Occhio alla grammatica inglese. La lingua internazionale potrebbe diventare protagonista assoluta di alcuni atenei italiani.
Pietra dello scandalo il Politecnico di Milano, che dal 2012 tenta di proporre un modello accademico monolingue con l’inglese protagonista. Docenti e Tar avevano subito messo le cose in chiaro illo tempore, ma alla fine dei giochi nel prestigioso ateneo restano solo 8 corsi in italiano. Il Consiglio di Stato chiede equilibrio, il Ministero dell’Istruzione vacilla, chiedendo una revisione per il programma 2019/20. L’Accademia della Crusca, noto baluardo della lingua italiana, si schiera invece contro il sacrificio del nostro idioma. Il linguista Claudio Marazzini ritiene che un provvedimento di questo tipo possa avere senso solo per facoltà come ingegneria e design. La questione, quindi, è davvero rinunciare all’italiano?
Già adesso le facoltà scientifiche, come ad esempio quelle di matematica e ingegneria, propongono manuali principalmente in inglese. Alcuni tecnicismi sono praticamente intraducibili in italiano. Non è possibile applicare lo stesso ragionamento alle facoltà umanistiche, dove a malapena si sostiene un esame di lingua inglese e se capita anche di letteratura. Ma rabbrividisco all’idea di sentire nominare un “Denti Alighieri” all’esame sulla Divina Commedia e capisco perfettamente Marazzini quando afferma che gli architetti debbano leggere il Vasari in italiano.
L’errore, come sempre, sta nell’estremizzazione. Non possiamo pensare di proporre corsi di laurea solo in inglese, ma che male ci sarebbe ad avere un’università davvero bilingue, che consentisse a tutti i neolaureati di destreggiarsi facilmente anche all’estero? Lo studio della grammatica inglese in Italia, se ne parla ormai da decenni, dovrebbe essere seriamente potenziato sin dalle elementari. Quanti studenti italiani attualmente si sentirebbero davvero in grado di seguire un corso di laurea esclusivamente in inglese? E cosa dire, invece, di chi non vuole fare l’università? C’è anche chi sceglie di lavorare dopo le superiori. La conoscenza dell’inglese, in questo caso, non è comunque fondamentale per l’inserimento nel mondo del lavoro? Anche per fare il commesso al centro di Roma richiedono un inglese fluente.

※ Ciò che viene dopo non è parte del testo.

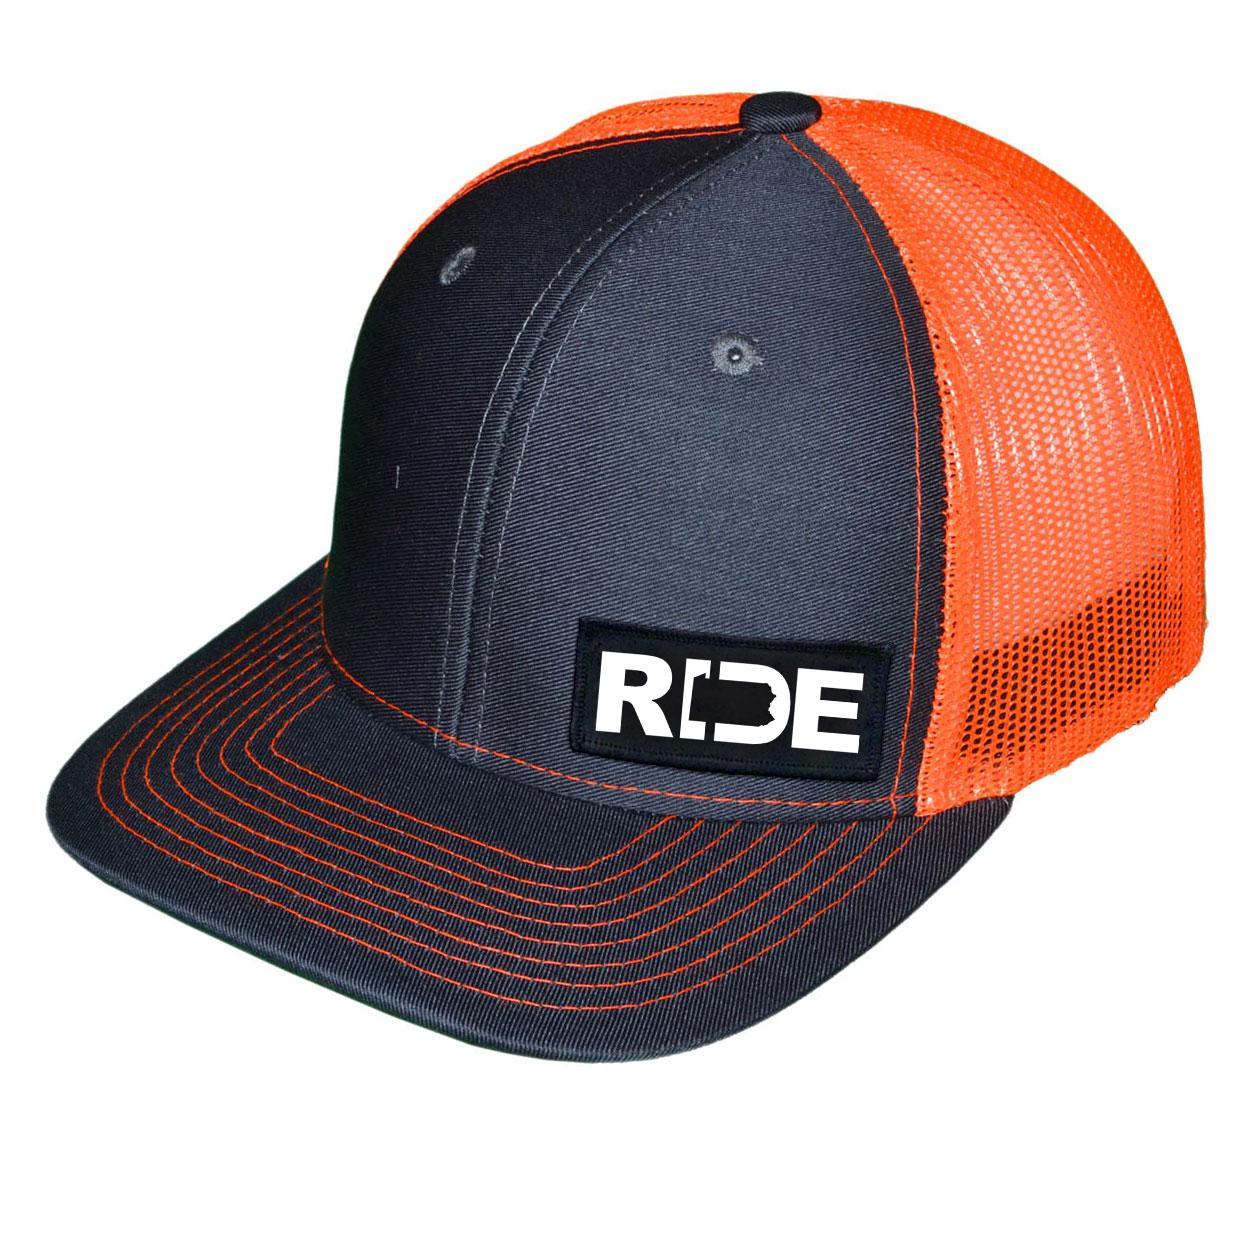 Ride Pennsylvania Night Out Woven Patch Snapback Trucker Hat Dark Gray/Orange (White Logo)

Il presente è già globalizzato e il nostro Paese per certi versi è rimasto indietro. Basta ascoltare un olandese o un danese parlare in inglese per capire quanto è rimasto indietro.
Tuttavia non so se il vero salto di qualità sia rinunciare all’italiano. Anzi, studiare in due lingue o più lingue consente lo sviluppo di una padronanza maggiore di tutto ciò che si acquisisce perché arricchisce il ragionamento. Penso che saranno d’accordo tutti quelli che hanno studiato lingue o lettere classiche: quanto cambia il modo di pensare tradurre dal greco all’italiano? E forse saranno d’accordo anche tutti gli insegnanti che almeno una volta nella vita si sono trovati a insegnare la lingua italiana a uno straniero utilizzando l’inglese come termine di paragone, perché era l’unica lingua conosciuta da entrambi i parlanti.
Se la scuola non corre in aiuto degli studenti dal principio, ai ragazzi non resta che farsi le ossa da soli. Vedendo film in lingua originale, traducendo canzoni o munendosi, come tanto piace ai Millennials, di qualche app che supporti lo studio della lingua!